* _Records provided_
═══
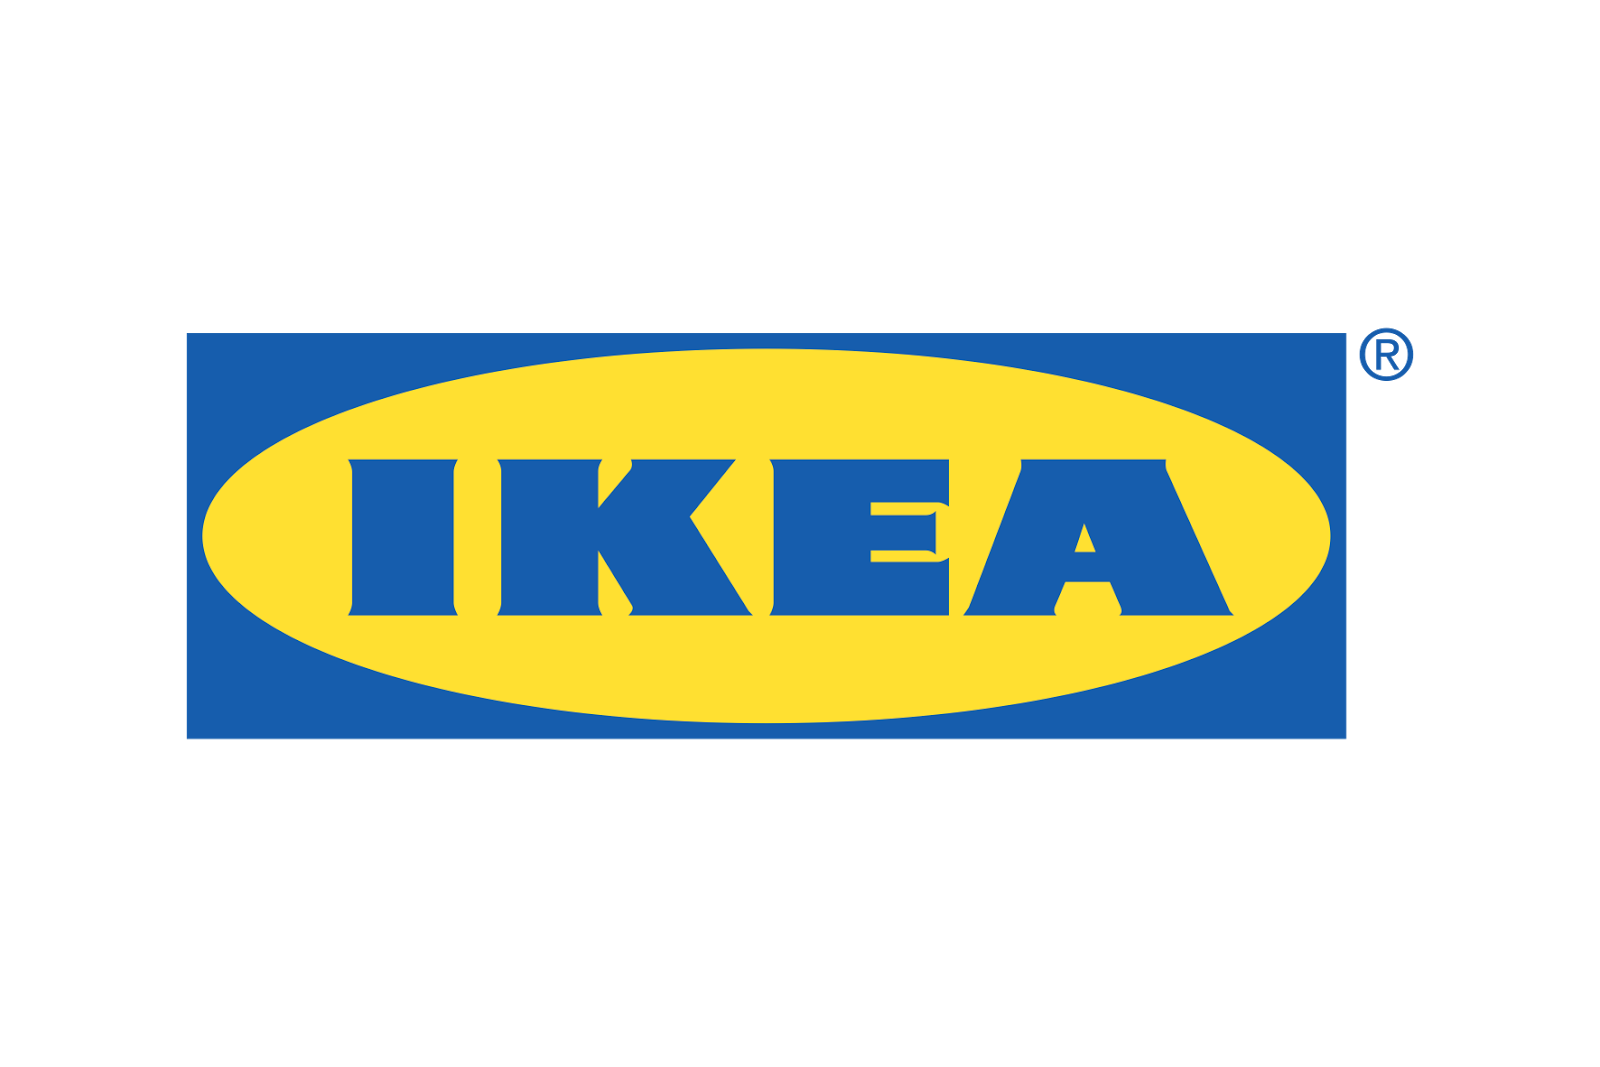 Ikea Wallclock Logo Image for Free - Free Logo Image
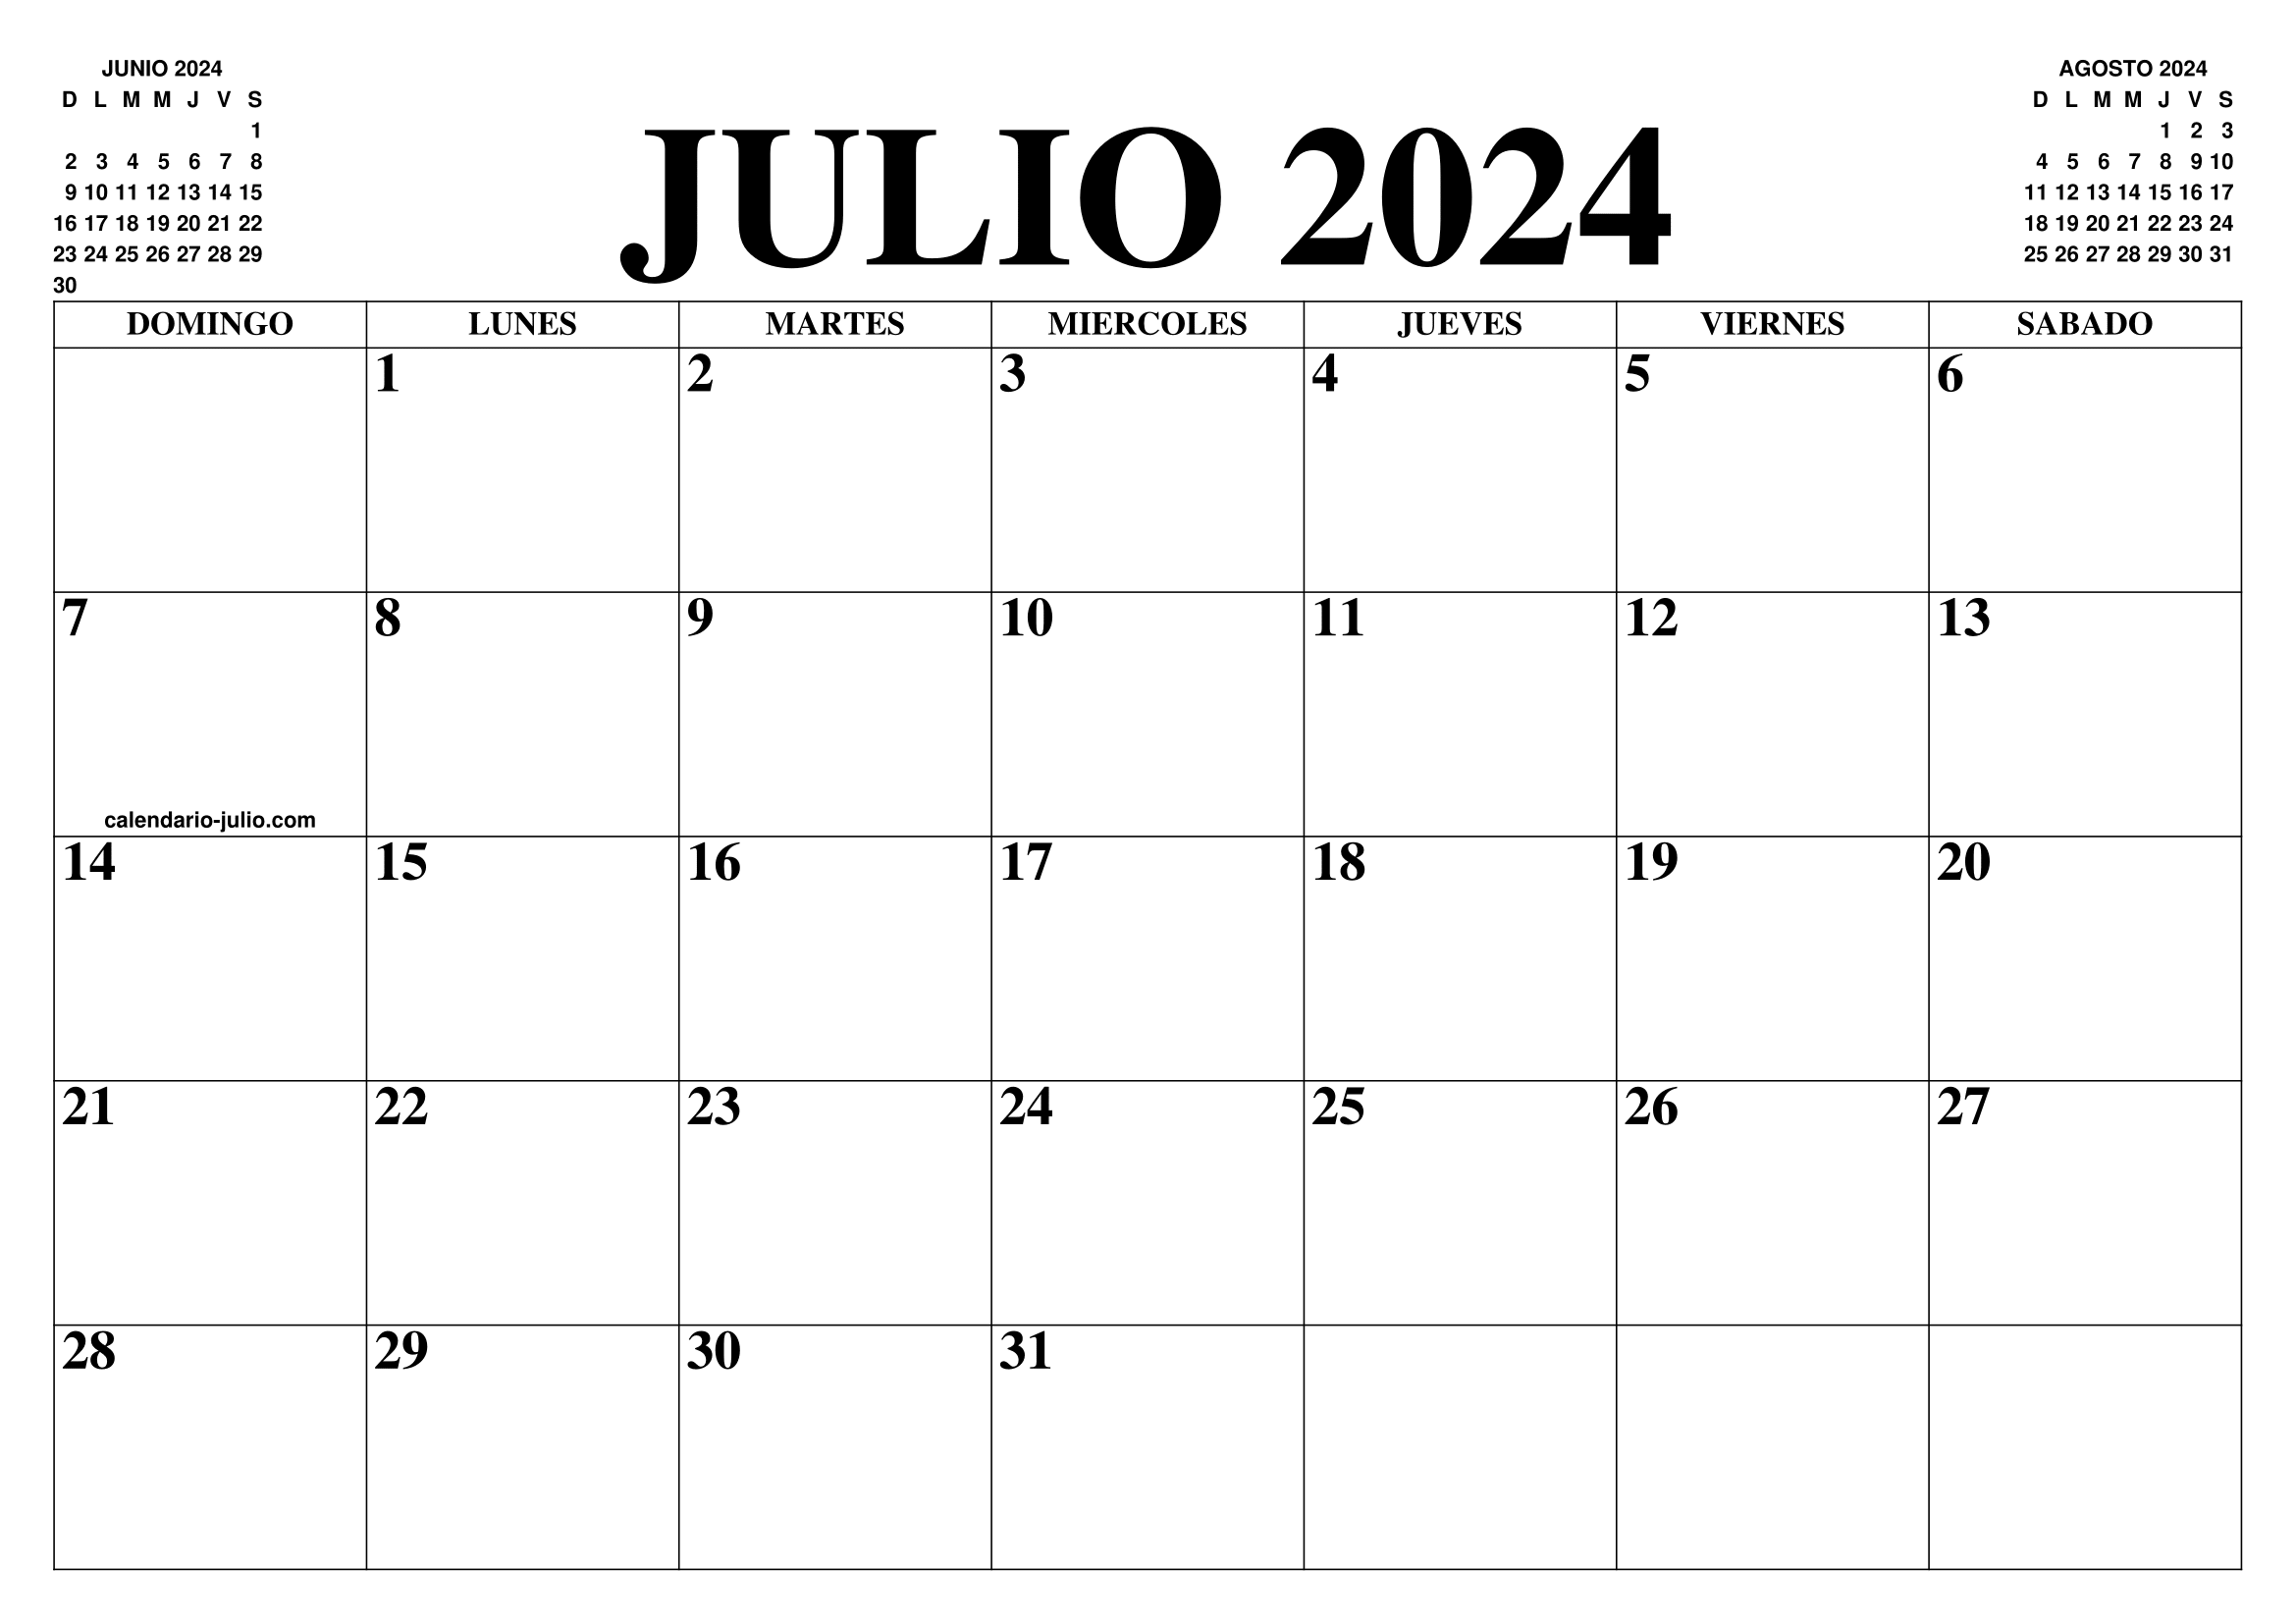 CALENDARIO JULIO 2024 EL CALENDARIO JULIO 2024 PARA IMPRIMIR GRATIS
═══
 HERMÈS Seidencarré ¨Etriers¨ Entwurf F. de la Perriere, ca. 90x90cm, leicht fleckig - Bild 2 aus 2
═══
* _Work request_
What is needed is an exact copy of the lines above, from the one holding "Ikea Wallclock Logo" down to the one holding "CALENDARIO JULIO 2024 EL", with those two included and the pictures left out.

* _Response below_
 Ikea Wallclock Logo Image for Free - Free Logo Image
 CALENDARIO JULIO 2024 EL CALENDARIO JULIO 2024 PARA IMPRIMIR GRATIS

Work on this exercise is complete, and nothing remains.